THE PROBLEM
Find "SONY PS Vita" below and begin at its line; stop after the line with "أوزبكستان .. توقعات". Output those lines exactly, without pictures.

ENTRIES SUPPLIED

=-=-=-=-=

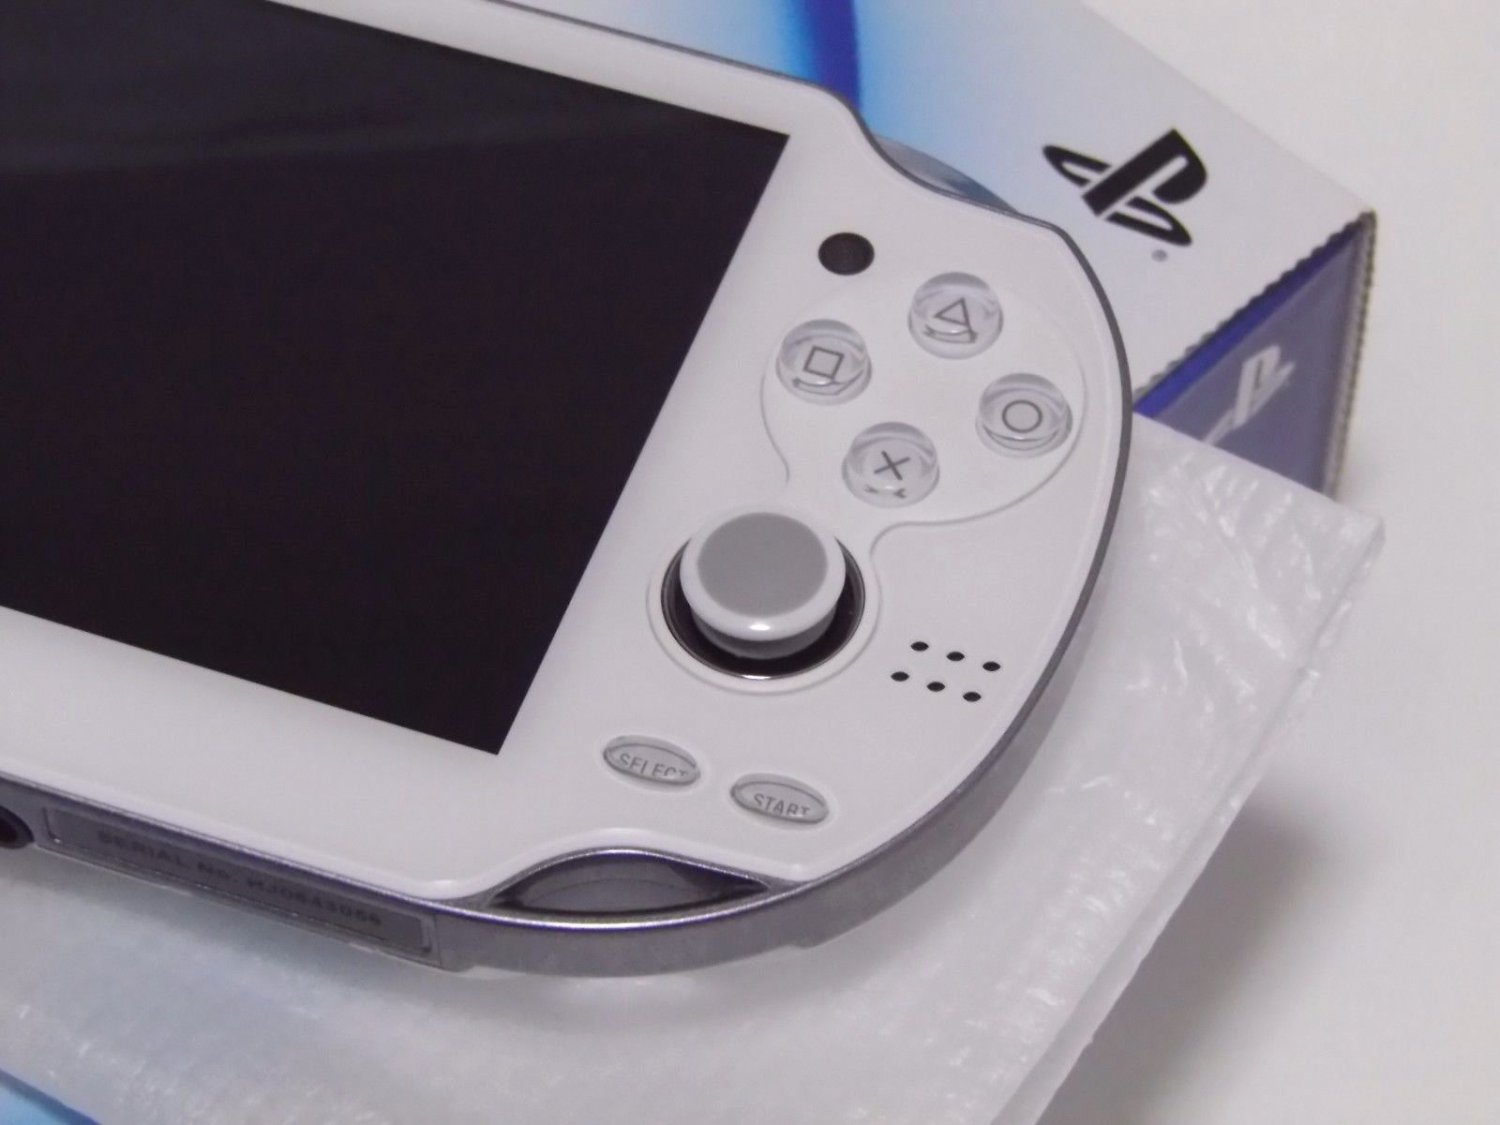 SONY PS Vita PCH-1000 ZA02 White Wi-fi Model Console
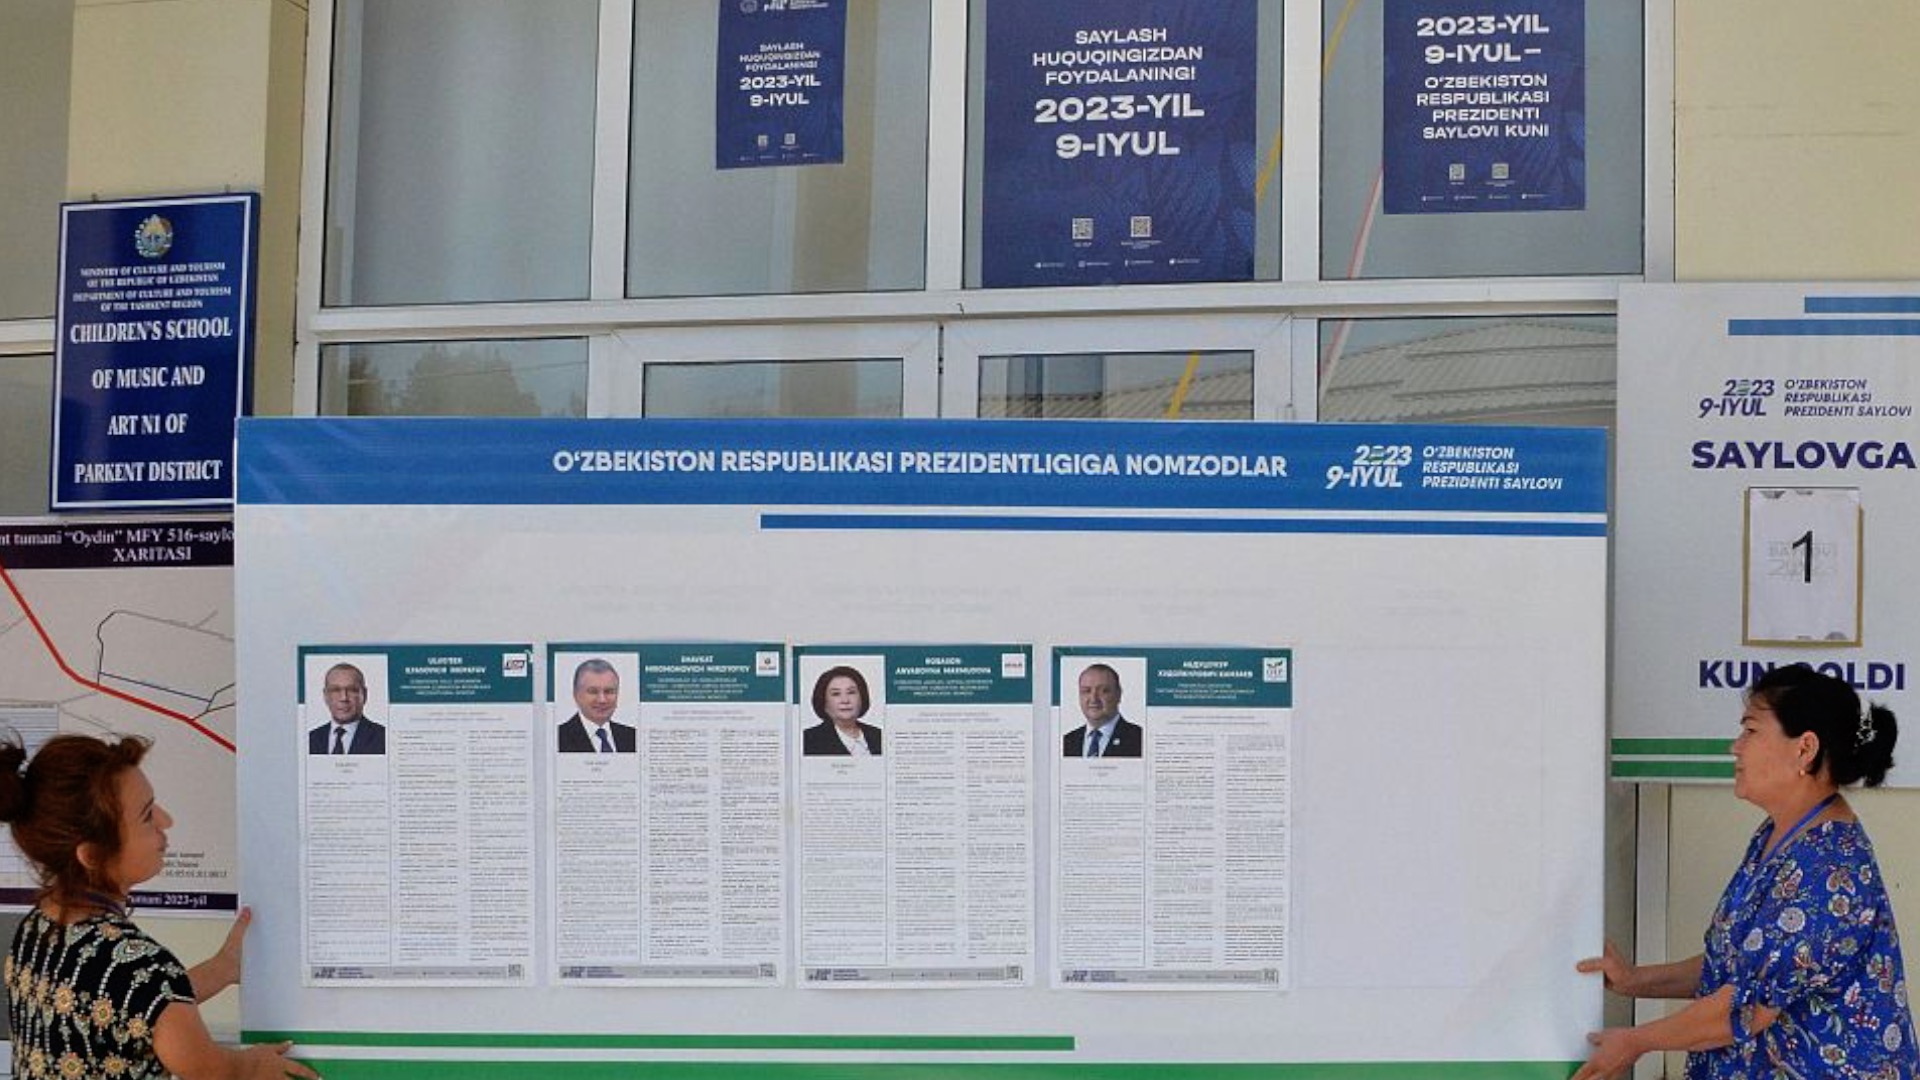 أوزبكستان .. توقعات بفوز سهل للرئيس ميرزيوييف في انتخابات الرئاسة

=-=-=-=-=

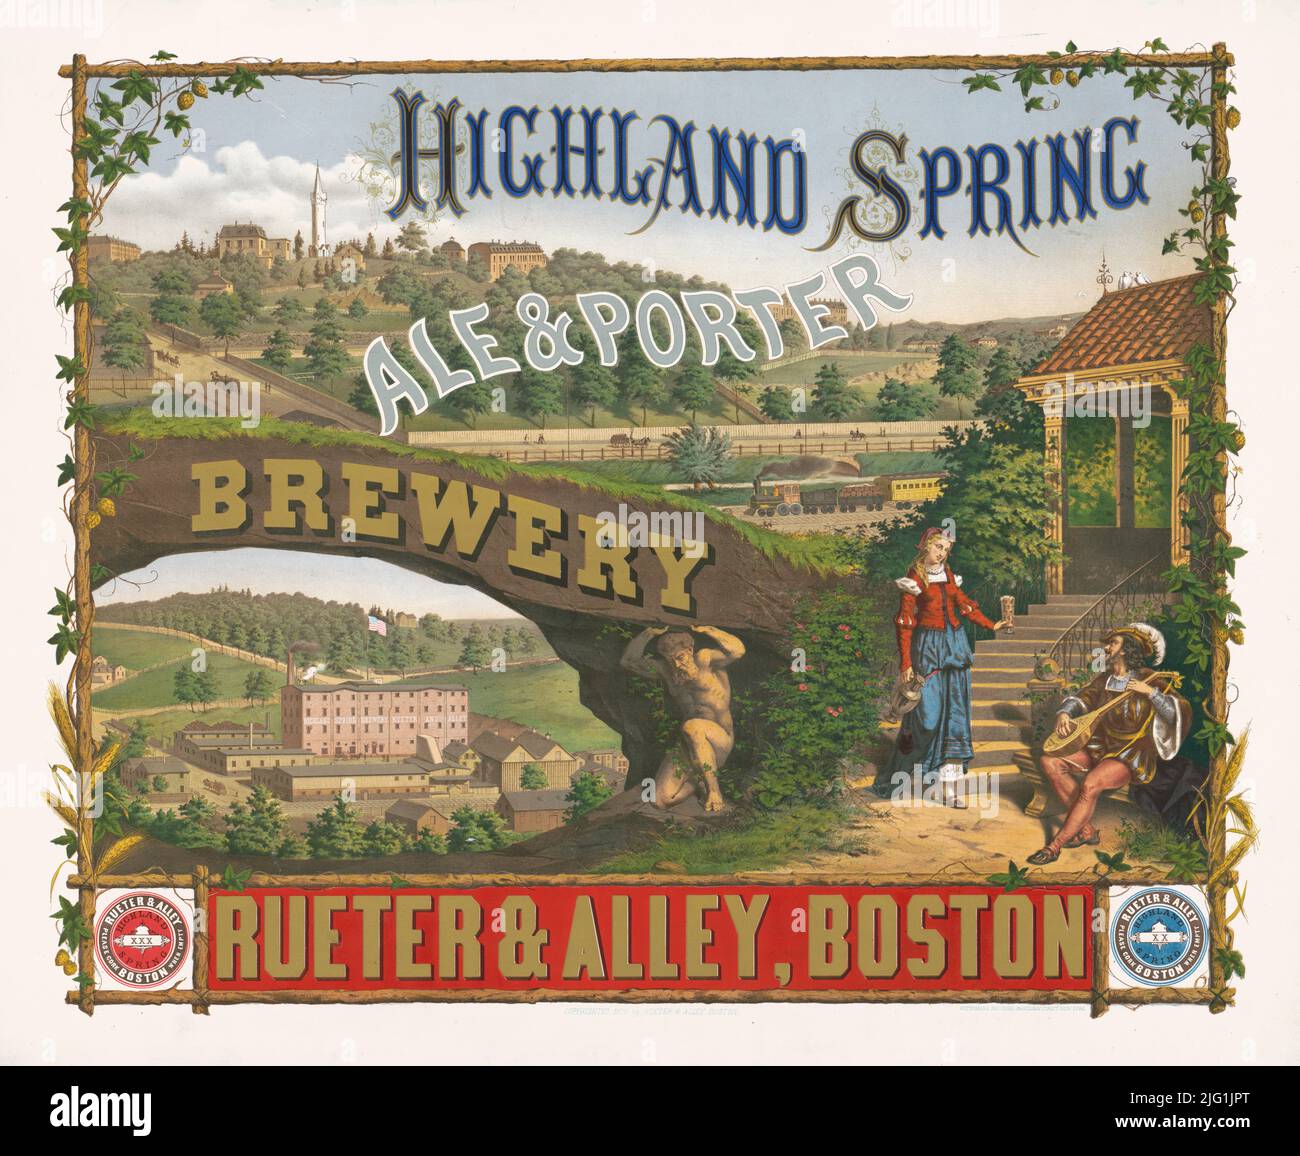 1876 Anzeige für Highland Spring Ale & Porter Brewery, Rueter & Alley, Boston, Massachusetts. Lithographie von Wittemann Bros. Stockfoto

=-=-=-=-=

EXPECTED ANSWER
 SONY PS Vita PCH-1000 ZA02 White Wi-fi Model Console
 أوزبكستان .. توقعات بفوز سهل للرئيس ميرزيوييف في انتخابات الرئاسة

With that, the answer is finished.